Single Molecule Dissociation of a Mycotoxin/Aptamer Complex in an α-hemolysin Nanopore

Abstract Mycotoxins analysis is essential for food safety since mycotoxins can cause severe toxic effects on humans and animals health. The aptasensor has been shown as a powerful detection platform for mycotoxins analysis. Aptamer, as a key recognition element in aptasensor for mycotoxin, has been speculated to fold from linear strand into elaborate tertiary structures, forming a selective binding pocket for mycotoxin. Direct observation of the binding or dissociation between mycotoxin and its aptamer at single-molecule level however remains a challenge. In this paper, ochratoxin A (OTA) aptamer with a poly (dC) 15 at 3' end is designed for the dissociation of OTA/aptamer complex and translocation in α-hemolysin (α-HL) nanopore.

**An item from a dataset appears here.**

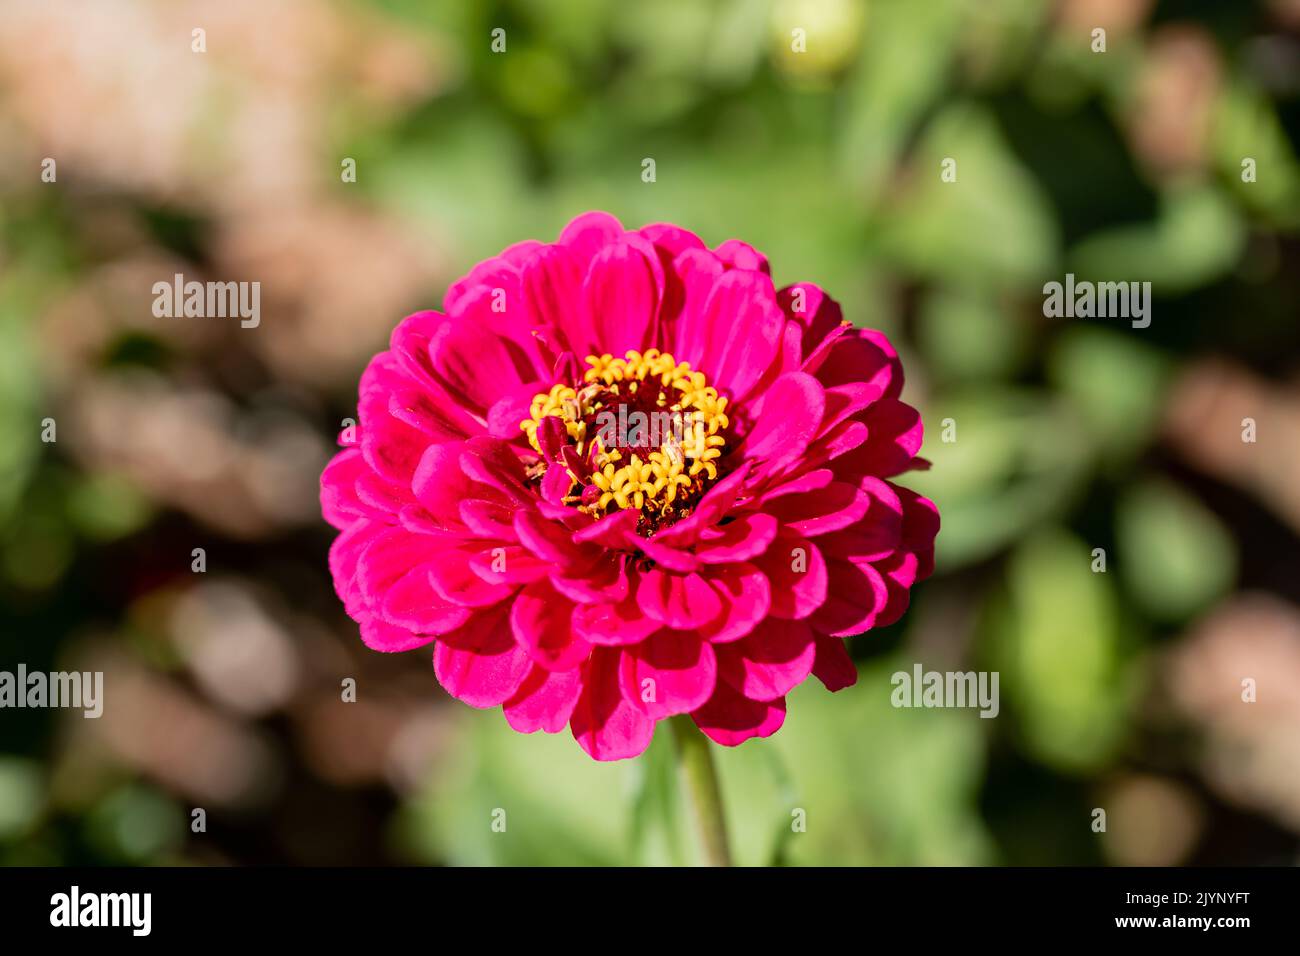 Rosa flor de Zinnia primer plano Foto de stock

The large vestibule and the narrow constriction of α-HL allow the capture of OTA/aptamer complex and the dissociation, which can distinguish the conformation variation of OTA aptamer in the confined space. Under an appropriate condition, OTA/aptamer complex resulted in a distinguished type of current blockage (duration time > 200 ms) compared to the aptamer itself. The transient current oscillations were observed when OTA/aptamer complex was inside the vestibule of α-HL, followed by the escape to cis side (type I) or translocation to the trans side (type II). The single-molecule binding or dissociation properties between OTA and aptamer are affected by various factors like voltage, electrolytic buffer, as well as the existence of divalent cations. The result illustrated that biological nanopore may have the potential for uncovering the interaction mechanism between ochratoxin A and its aptamer.